Final Rules on Safe Harbors for Cybersecurity Donations Published by HHS

On November 20, 2020, the Office of Inspector General (OIG) and the Department of Health and Human Services’ Centers for Medicare and Medicaid Services (CMS) launched the final rules for enhancing the coordination of health care and lessen regulatory difficulties. The two final rules consist of safe harbor conditions that permit hospitals and healthcare delivery systems to provide cybersecurity technology to physician practices.

The CMS launched the final copy of the 627-page Modernizing and Clarifying the Physician Self-Referral Regulations, generally known as Stark Law, and the OIG finalized updates to the 1,049-page Safe Harbors Under the Anti-Kickback Statute and Civil Monetary Penalty Rules Relating to Beneficiary Inducements.

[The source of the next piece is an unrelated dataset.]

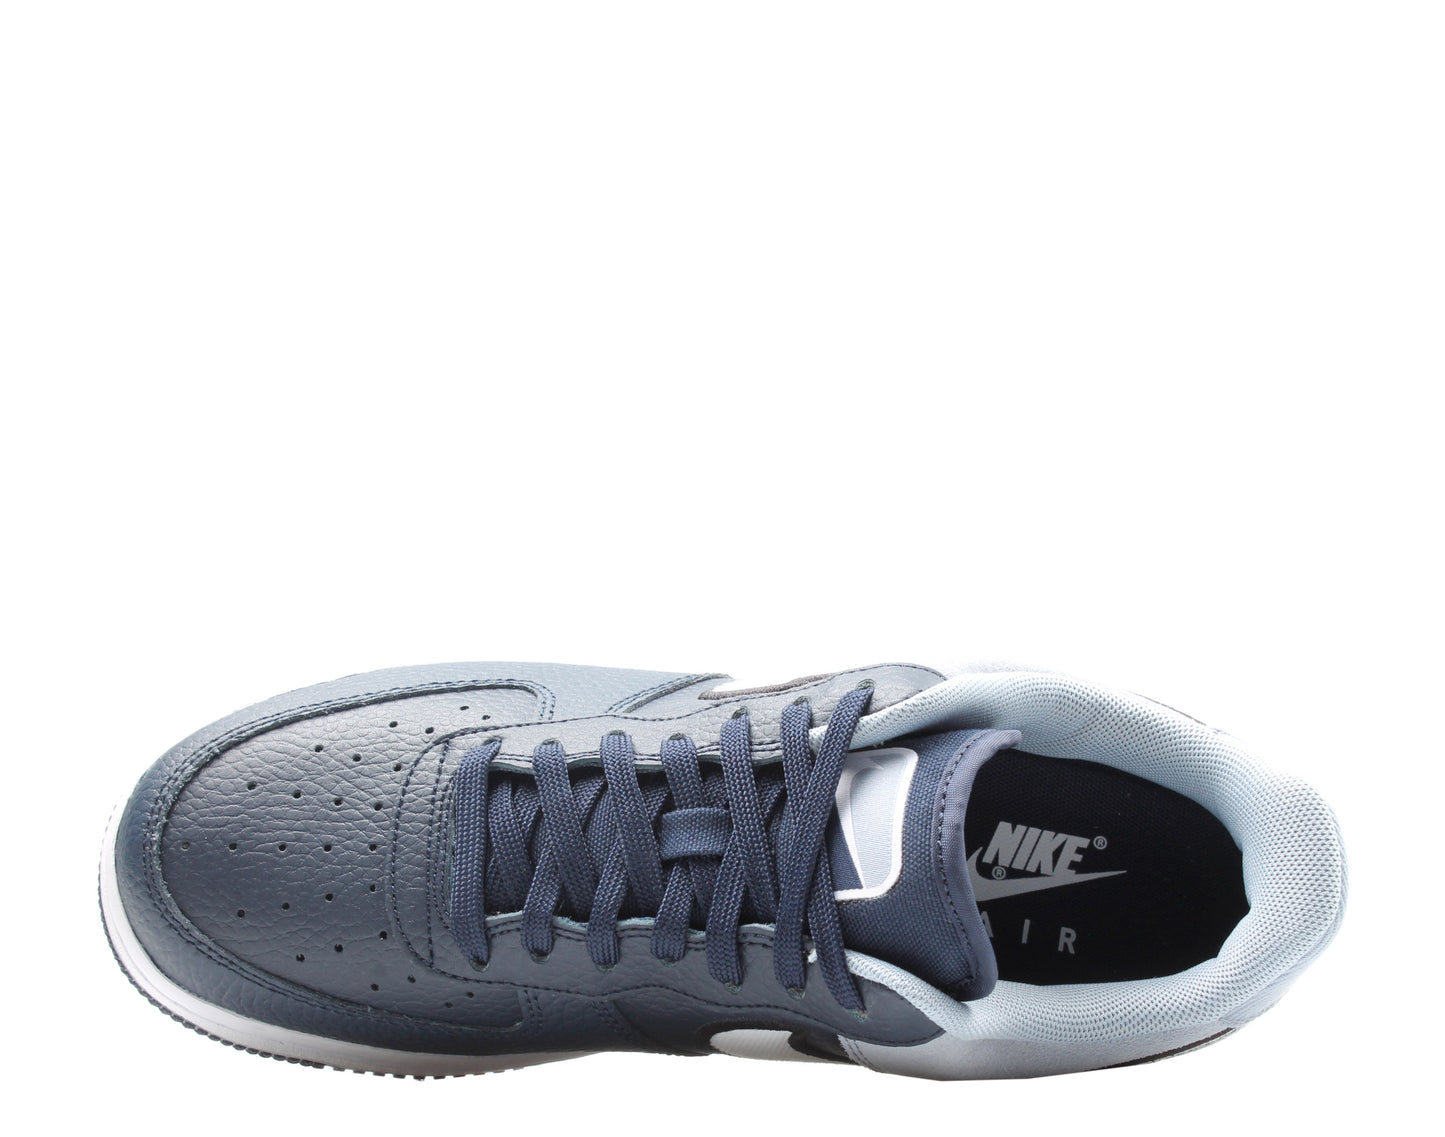 Nike Air Force 1 '07 LV8 1 Obsidian Mist Men's Basketball Shoes AO2439-400

Physician practices usually have minimal resources, making it challenging for them to use solutions to handle cybersecurity problems. Without the required protections, unauthorized persons could access, steal, remove or encrypt sensitive medical information. Threat actors may additionally perform attacks on small doctor practices and utilize them to acquire access to exploited healthcare networks.

When the policies were first planned, commenters highlighted the importance of a safe harbor to enable non-abusive, useful arrangements between doctors and other healthcare organizations. The donations of cybersecurity solutions could help protect the healthcare ecosystem. The CMS first recommended the modifications in October 2019 as a part of Regulatory Sprint to Coordinated Care.

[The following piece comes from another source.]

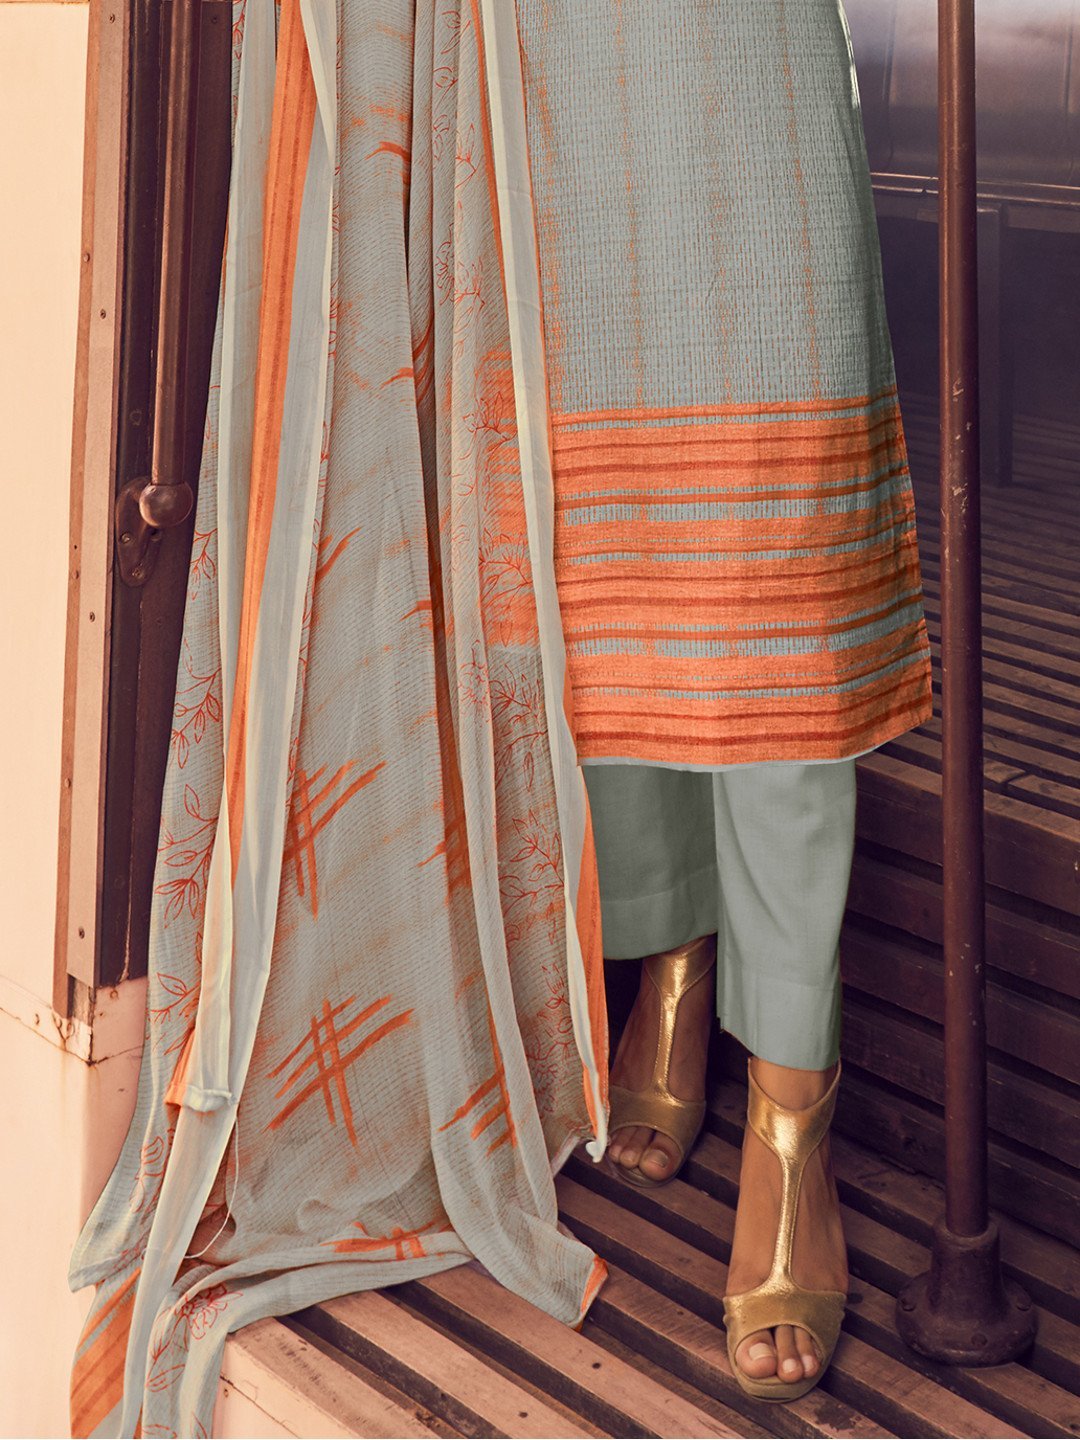 Unstitched Grey Cotton Salwar Suit Dress Material - Stilento

The CMS final rule details the Stark Law conditions with regards to donations of electronic health record donations to medical doctors, extending the EHR exclusion to include cybersecurity applications and services. A separate exemption was additionally presented for greater cybersecurity donations, which include contributions of cybersecurity hardware.

CMS mentioned that the finalized exclusions give new versatility for particular arrangements, like donations of cybersecurity technology that secure the integrity of the healthcare environment, irrespective of whether the parties use a fee-for-service or value-based payment system.

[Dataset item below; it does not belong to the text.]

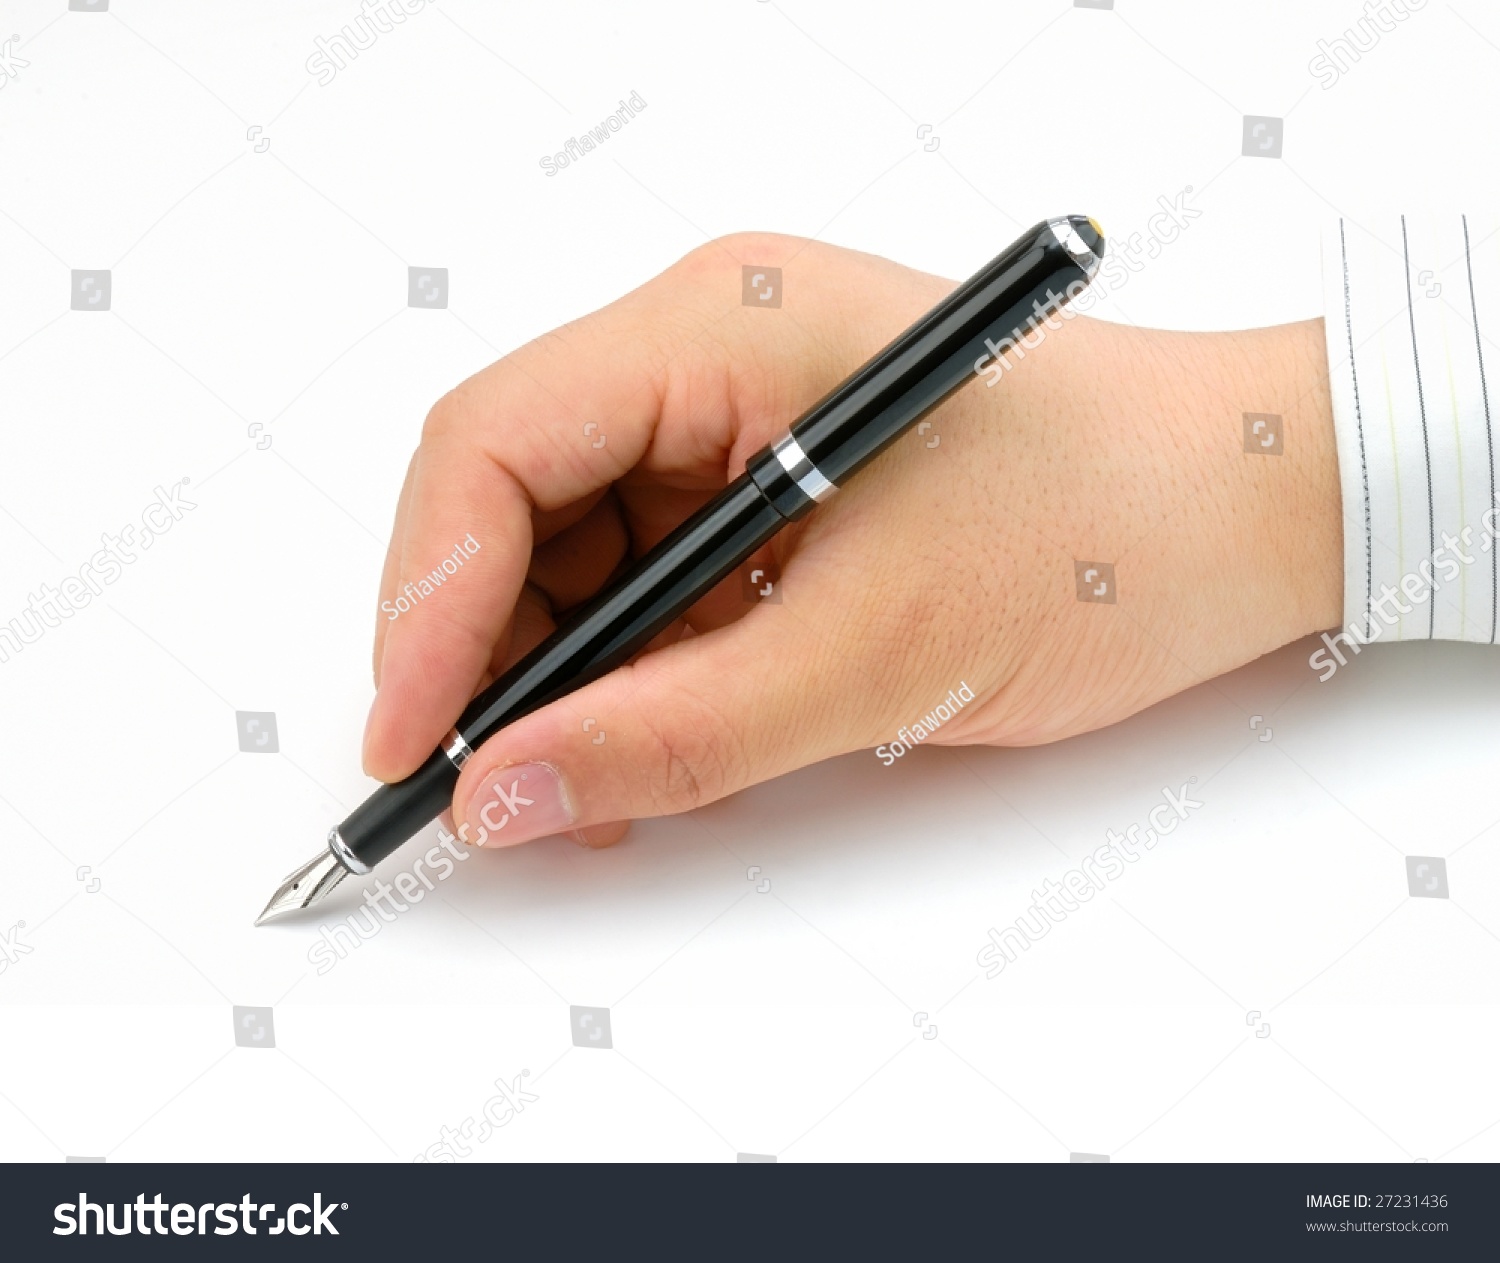 Custom Pens & Writing Instruments

The changes admit the threat of cyberattacks on the healthcare market and develop a protected harbor for cybersecurity technology and services to take care of cybersecurity-linked hardware, and will make certain that cybersecurity software program and hardware are offered to all healthcare companies of varying sizes.

The safe harbor can be applied to, but isn’t restricted to, software security steps to take care of endpoints that provide network access control, software program that gives malware protection, business continuity application, data security, and encryption as well as email traffic filtering. The exception likewise addresses the hardware that is needed and used primarily to implement, retain or re-establish cybersecurity” and a wide range of cybersecurity services for instance update and upkeep of software programs and cybersecurity training services. There is no difference in the rule between localized and cloud-based cybersecurity solutions.

Under the cybersecurity exception, recipients don’t have to add to the cost of the contributed cybersecurity technology or solutions. With the EHR exception, the cost requirement for contributions of EHR products or services is retained.

HHS stated that letting entities to contribute cybersecurity technology and related solutions to physicians will bring about strength to the whole health care ecosystem.

The final rules are meant to be posted in the federal register on December 2, 2020, and are to take effect beginning January 19, 2021.